For cells and organisms that naturally express GULO:
Provide the substrate:
Adding L-gulonolactone to cells increases ascorbate production, indicating a functional GULO enzyme.
Stimulate glycogen metabolism:
GULO is expressed in glycogen-storing organs. Therefore, agents that stimulate glycogen breakdown, such as glucagon, dibutyryl cyclic AMP, or phenylephrine, increase GULO activity.

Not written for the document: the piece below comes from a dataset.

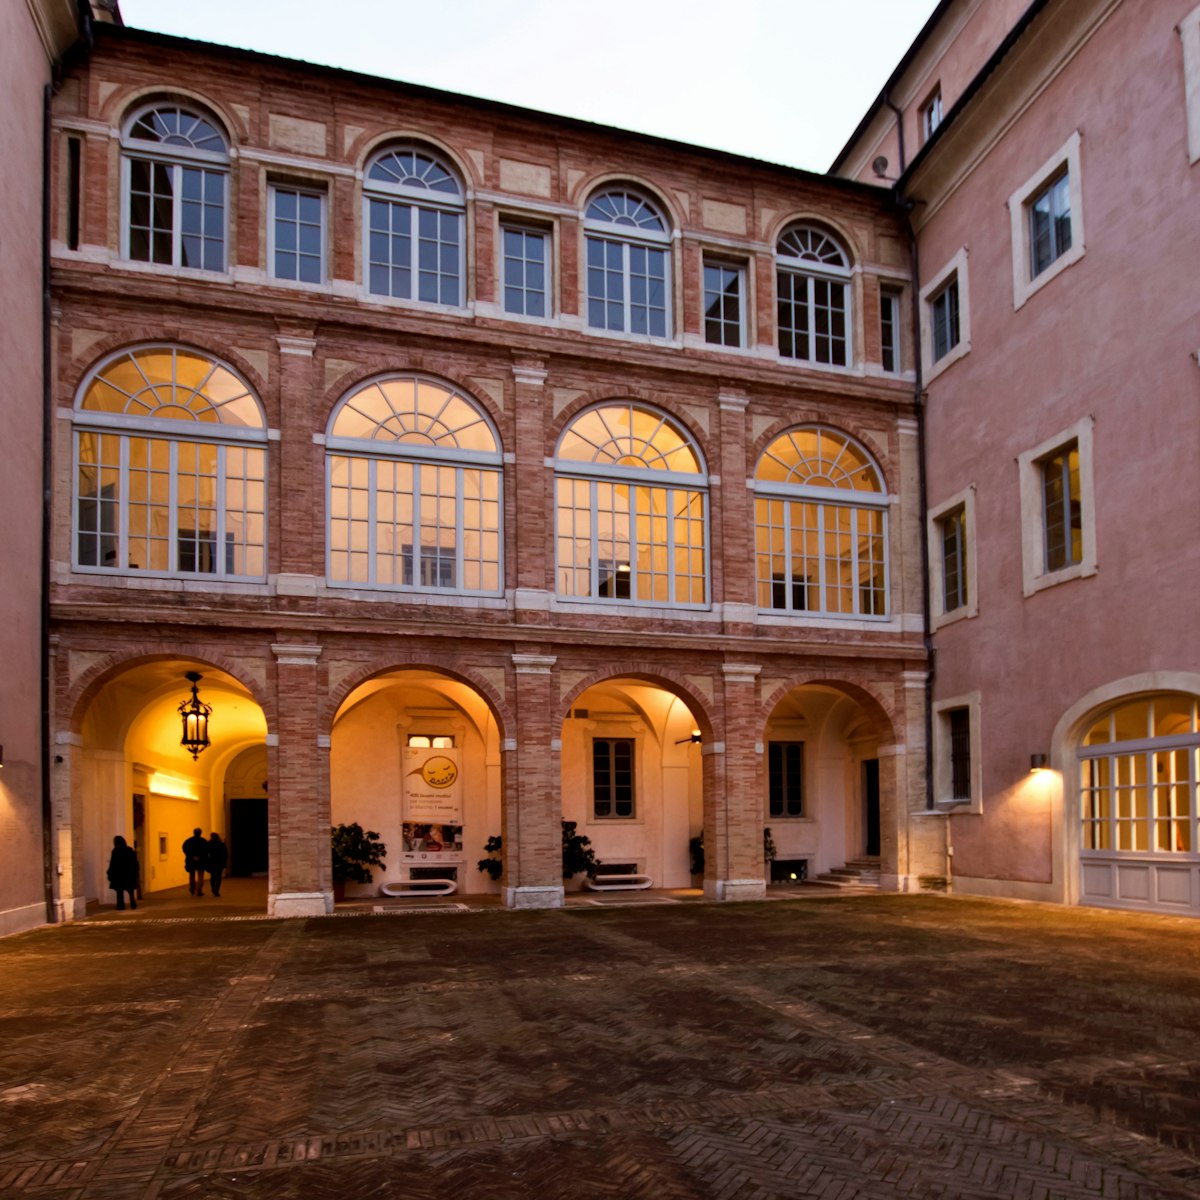 Courtyard Buonaccorsi Palace Macerata Marche Italy Europe. (Photo by: MauroFlamini/REDA&CO/Universal Images Group via Getty Images)

Use a suitable environment:
GULO is active in a specific pH range, with its activity varying depending on the enzyme source.
Specific examples of inducing GULO:
Transgenic Zebrafish:
The GULO gene from a shark was inserted into zebrafish to reactivate the pathway for ascorbate synthesis.
Cell Cultures:
Adding gulonolactone to human hepatocellular cells and GULO clone cells promotes ascorbate biosynthesis.
Animal Models:
Glucagon, dibutyryl cyclic AMP, and other stimulants that bypass glycogenolysis and increase UDP-glucose levels also stimulate ascorbate synthesis, indicating increased GULO activity.
The pseudogene GULOP is the non-functional remnant of the GULO gene, the resulting inability to produce ascorbate, known as hypoascorbemia, may be linked to certain aspects of tumorigenesis.
https://en.m.wikipedia.org/wiki/L-gulonolactone_oxidase
The loss of endogenous ascorbate production, apo(a) and Lp(a) were greatly favored by evolution, acting as ascorbate surrogate, since the frequency of occurrence of elevated Lp(a) plasma levels in species that had lost the ability to synthesize ascorbate is great. Only primates share regulation of CAMP gene expression by vitamin D, which occurred after the loss of GULO gene.